Ford Motor Co. shares closed the day on Wall Street at $9.90, a comfortable 2.4%, or 23-cent jump for the day, well above the Dow Jones Industrial Average.

But more significantly, the bell rang as Ford shares surged to their highest level in four years, and a big turnaround from the spring of 2009, when the automaker was trading just north of a dollar.

Industry analysts, such as Joe Phillippi, of AutoTrends Consulting, point to a variety of reasons for the surge.  As 2009 began, the automaker decided to forego the federal bailout needed by its cross-town rivals, General Motors and Chrysler, and was later able to avoid going into bankruptcy like the other members of Detroit’s Big Three.  That, said Phillippi, has not been missed by consumers who see it as a sign of strength – which translates into an endorsement of Ford products.

The automaker has been receiving quite a few of those.  Two of its models are up for the coveted North American Car and Truck of the Year awards, which are handed out at the North American International Auto Show, next month.  The influential Consumer Reports magazine described Ford as the only Detroit maker producing “world-class” products, when it released its annual vehicle reliability survey several months ago.

Meanwhile, a new study by Zacks Investment Research finds that Ford is tops for projected vehicle residual values among makers based in the U.S.  The report says the residuals on a Ford vehicle after 36 months in service have gone up an average $1,310 for 2010 compared to past model-year.  That can yield significant savings not only to consumers but to Ford itself, especially when it comes to leasing.

Ford CEO Alan Mulally last week hinted at a possible surge in sales during the last two weeks of the year, and Deutsche Bank analyst Rod Lache is predicting Ford will see a 4.5% jump in sales when the books are closed for December.  That would be a bit behind the overall 7.5% jump he predicts for the U.S. market, but by comparison Lache foresees double-digit declines for GM and Chrysler.  Lache is predicting Ford will end the year with a 15.5% market share, up a half point from 2008.

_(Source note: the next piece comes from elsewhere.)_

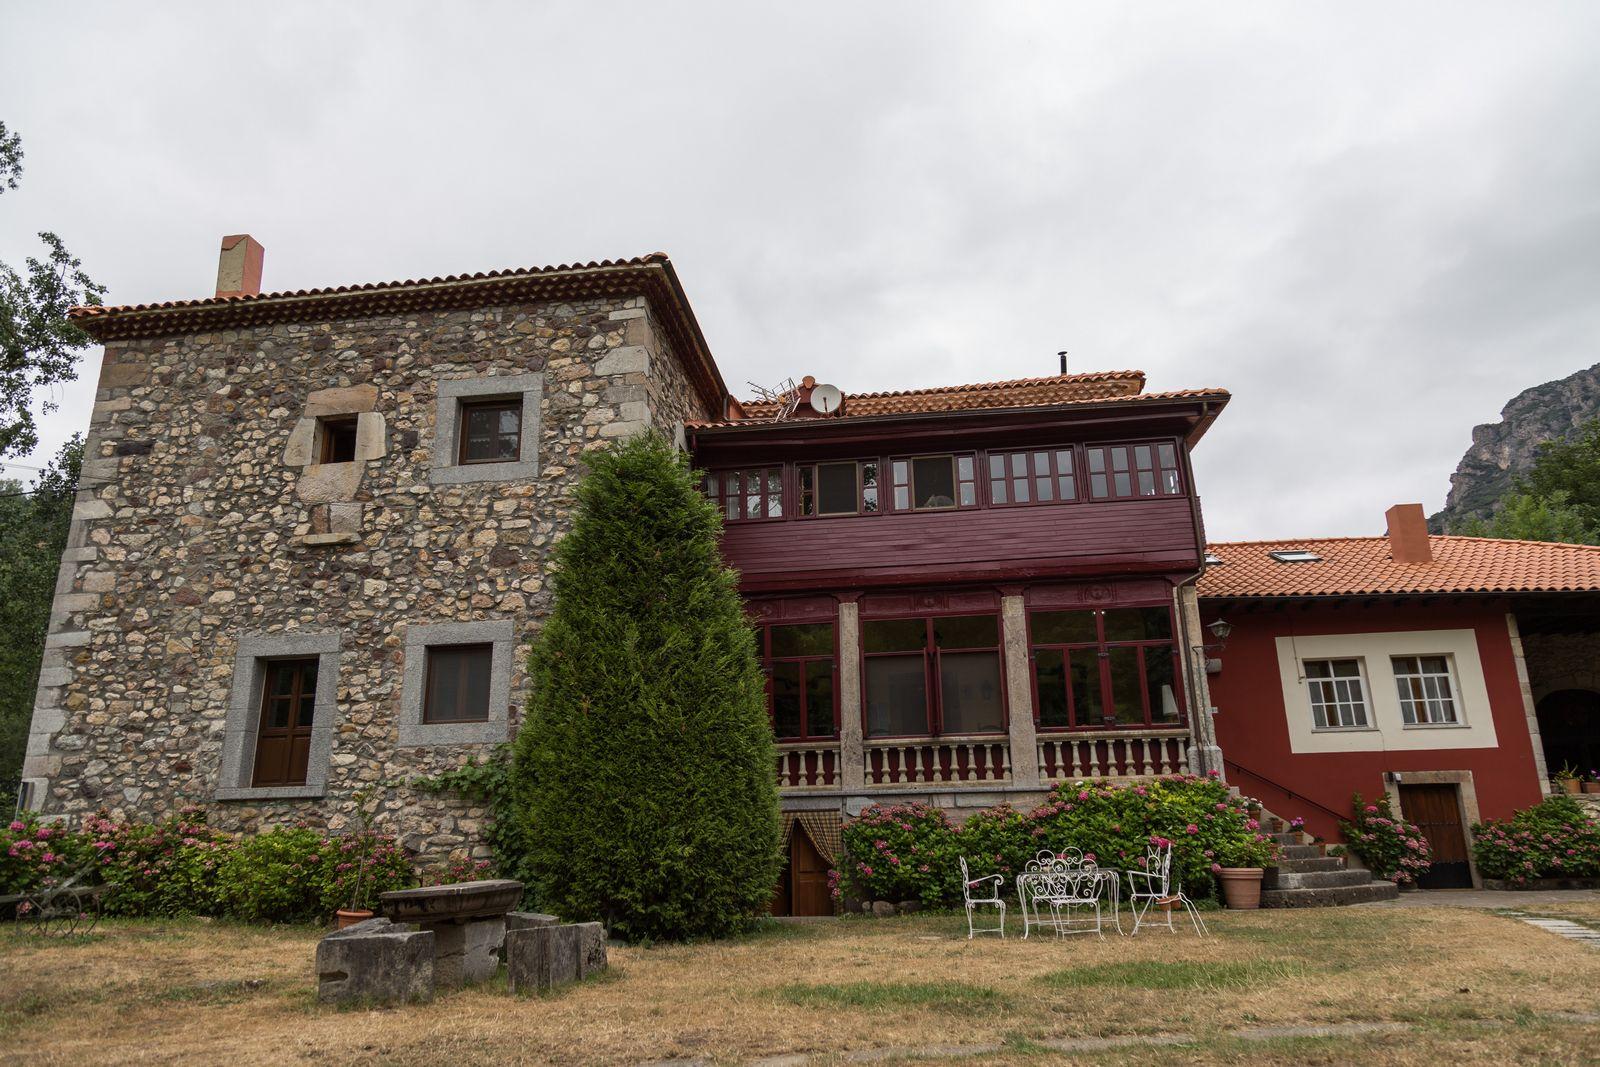 Exteriores del Palacio (I)

That could put Ford on the path it needs to achieve its promised turnaround, which would bring it back to profitability in 2011.  The automaker reported a third-quarter profit of $1 billion, but the numbers are likely to be weaker for the October-December quarter.

While there’s plenty of good news, Ford still has a significant number of challenges ahead of it.  Though it avoided bankruptcy, the maker wasn’t able to walk away from billions of dollars in debt, like GM and Chrysler.  It has been taking steps to reduce its liabilities, however, through such moves as debt-for-equity swaps.

And Ford’s relatively strong position has, in at least one way, backfired on the company, convincing workers they didn’t need to approve a requested package of concessions, which went down to overwhelming defeat last month.

Mulally said last week he sees other opportunities to reduce costs and the automaker outlined one such way on Tuesday, announcing a buyout package it will offer to all 41,000 U.S. employees.  The deal could yield up to $70,000 for those who agree to leave the company.

How much higher Ford shares will go is uncertain, though the company has shown surprising momentum in recent weeks and very well could top the $10 mark by year’s end.  That’s a long way from the company’s 52-week bottom, when shares fell to just $1.50.  On the other hand, Ford was trading at $15, as recently as 5 years ago, and it hit an all time peak a decade ago, at more than $37 a share.

Few expect it to reach that number again any time soon.